MLK’s Last Sermon, 4 Days Before Assassination
There must be something positive and massive in order to get rid of all the effects of racism and the tragedies of racial injustice.
But there is another thing closely related to racism that I would like to mention as another challenge. We are challenged to rid our nation and the world of poverty. Like a monstrous octopus, poverty spreads its nagging prehensile tentacles into hamlets and villages all over our world.
How can one avoid being depressed when he sees with his own eyes evidences of millions of people going to bed hungry tonight? How can one avoid being depressed when he sees with his own eyes God’s children sleeping on the sidewalks at night? …Maybe we spend far too much of our national budget establishing military bases around the world rather than bases of genuine concern and understanding.
And I must confess that in some situations I have literally found myself crying…
I was in Newark and Harlem just this week…This welfare mother…She pointed out her little boy who was a victim of lead poisoning. She pointed out the walls with all the ceiling falling through. She showed me the holes where the rats came in. She said night after night we have to stay awake to keep the rats and roaches from getting to the children…

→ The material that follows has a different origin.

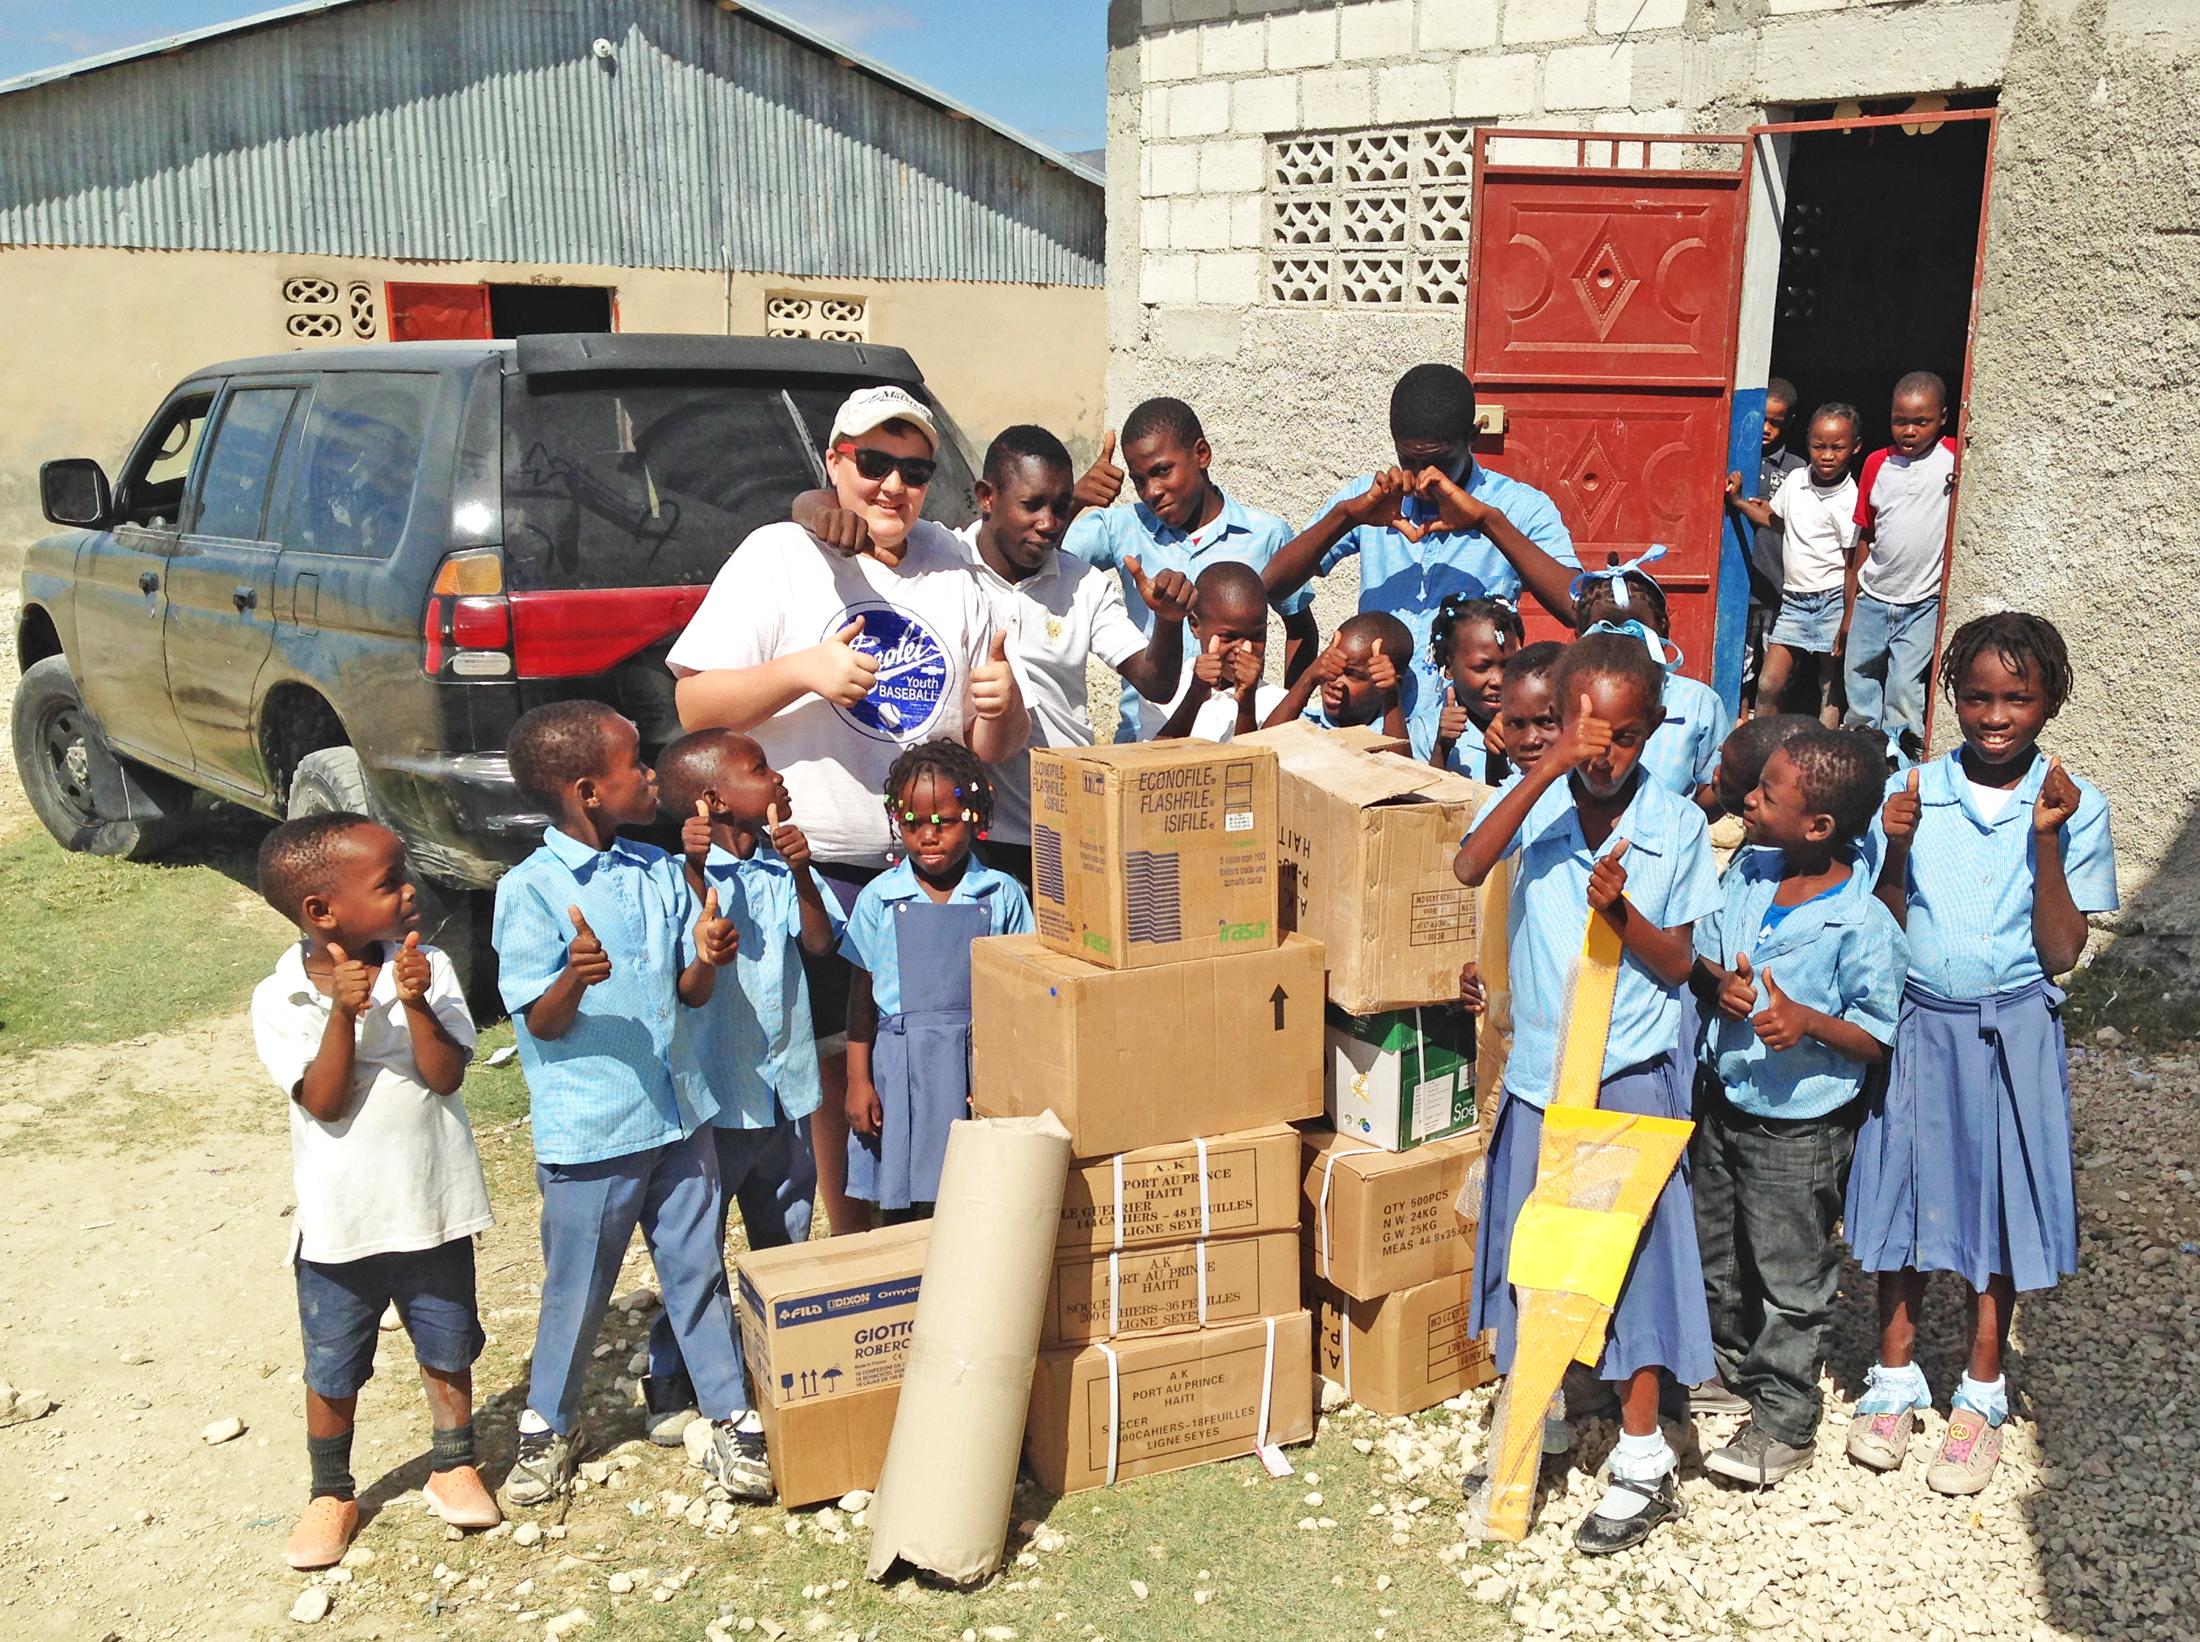 Student raises $2,000 for school supplies in Haiti
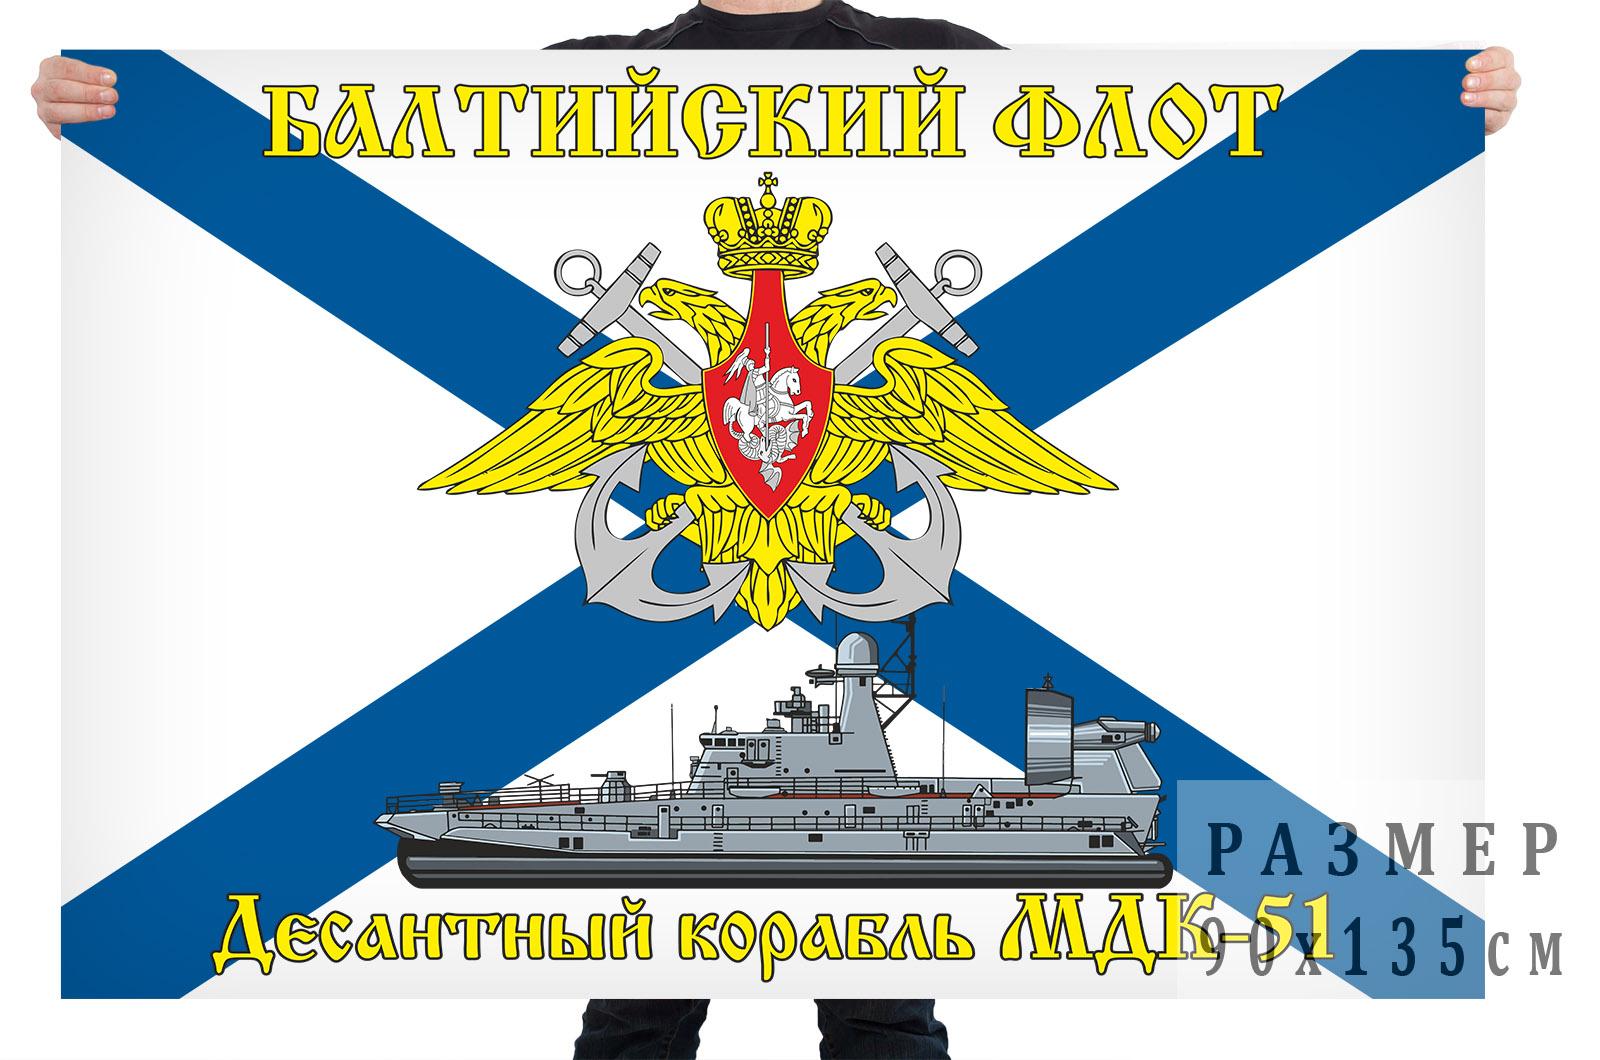 Флаг десантного корабля на воздушной подушке МДК-51

This can happen to America. The richest nation in the world. This is America’s opportunity to help bridge the gulf between the haves and the have-nots…There is nothing new about poverty. What is new is that we now have the techniques and the resources to get rid of poverty. But the real question is whether we have the will.
-Excerpts from MLK’s “Remaining Awake Through a Great Revolution”
In his last book Martin Luther King Jr. proposed we adopt either a job guarantee or an income guarantee policy to eliminate poverty.
He concluded, “I’m now convinced that the simplest approach will prove to be the most effective — the solution to poverty is to abolish it directly by a now widely discussed measure: the guaranteed income.”